Мимо нас прошла семейная пара, классическое столичное чиновничество на загородной прогулке. Он – солидный мужчина в гражданском, но с неистребимой военной выправкой, она – классическая дама «высшего света», с меховой муфтой, карликовой собачкой на поводке и вдохновенно скучающим выражением лица.
– Идиллия, – проводив их взглядом, заметила Ксения. – У вас тут все как на книжных картинках.
Я, разумеется, сделал вид, что совершенно не замечаю, как она лихорадочно подбирает новую тему для разговора. Более того, сейчас мне и самому хотелось говорить о чем угодно, только не о высоких материях.
– Немного неправдоподобно? – попробовал угадать я. – Как будто идешь по гигантской сцене между увлеченных своей игрой актеров, сам при этом актером не будучи?
Ксения остановилась и посмотрела на меня то ли с восторгом, то ли с ужасом.
– У меня иногда тоже прорывается. – Мне захотелось отвести глаза в сторону или попросту опустить их. Приложив волевое усилие, я не сделал ни того ни другого. – Стилевидение, ты, наверное, знаешь…

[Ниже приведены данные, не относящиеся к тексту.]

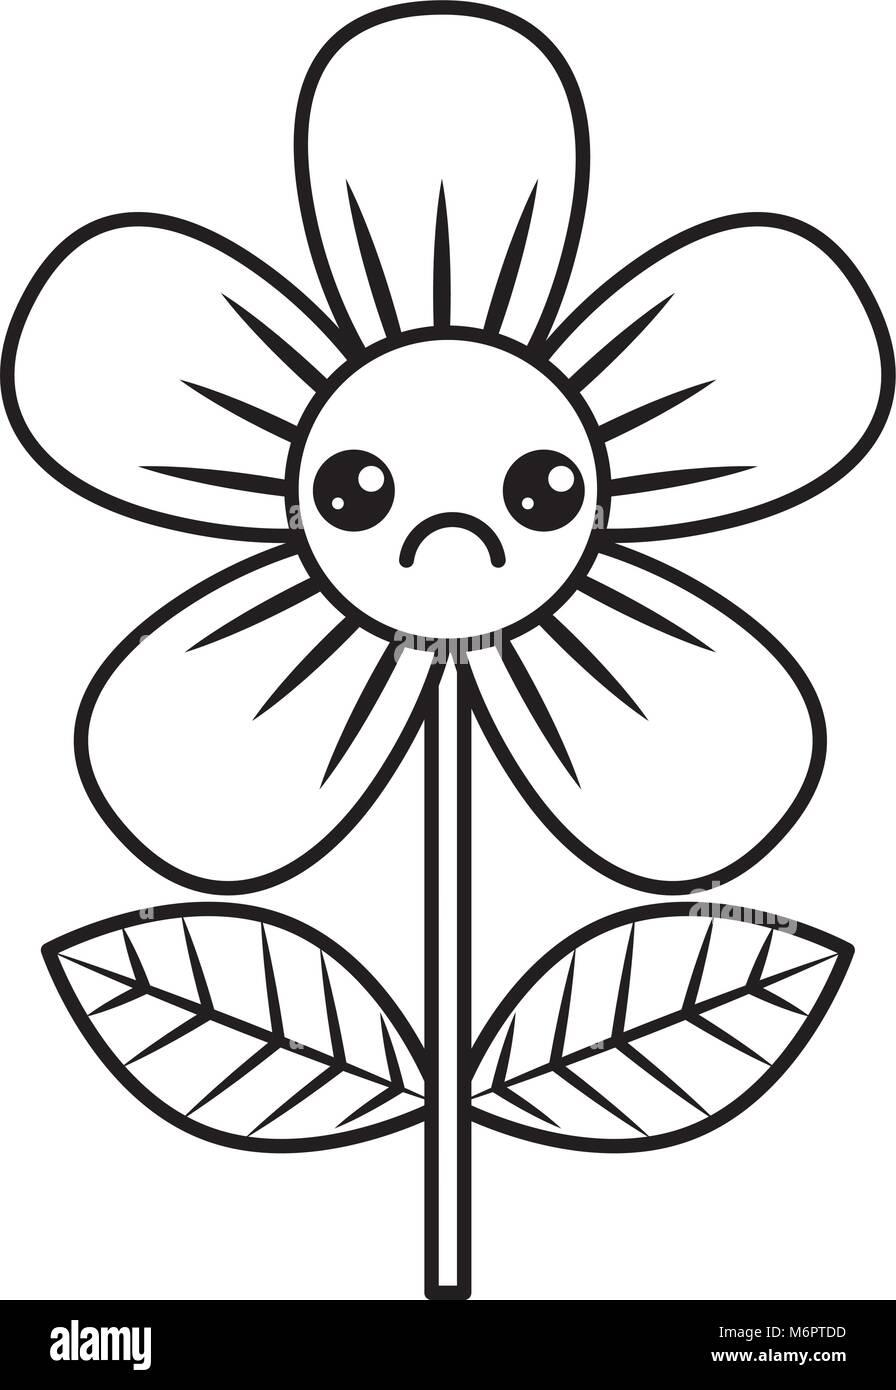 Beautiful sad flower kawaii cartoon vector illustration thin line beautiful sad flower kawaii cartoon vector illustration thin line design izmirmasajfo

– Глядишь на человека, а потом догадываешься, как он поступит в той или иной ситуации, – кивнула Ксения. – У моего старшего брата было то же самое, только выраженное в очень слабой форме. Хотя даже этим он пользовался, чтобы дразниться – сидел и попугайничал. Я лезла в драку после второй или третьей реплики, а он, конечно же, знал о моих намерениях заранее и успевал сбежать.
Я сочувствующе вздохнул. У меня никогда не было младшей сестры.
Гатчина, всероссийский психотехнический центр, о котором в Сибири складывались легенды, оказалась небольшим и очень милым городком. Да, чувствовалась в нем определенная специфика столичного сателлита, не было промышленных предприятий, загрязняющих все вокруг сажей и копотью. Многие подростки щеголяли ученическими вольтами, совершенно открыто играли с крохотными Воздушными Ловушками. Так и хотелось найти в ближайших кустах фотографа, снимающего на тему «Психотехнический рай». Первый час прогулки сопровождался побочными футуроскопическими эффектами, чувством заброшенности и непричастности к окружающему миру. Если бы не старающийся быть любезным Николай, Ксения отдалась бы на волю этим эффектам. Необходимость поддерживать беседу дисциплинировала девушку, фиксировала настоящее и не позволяла ему совершаться раньше времени.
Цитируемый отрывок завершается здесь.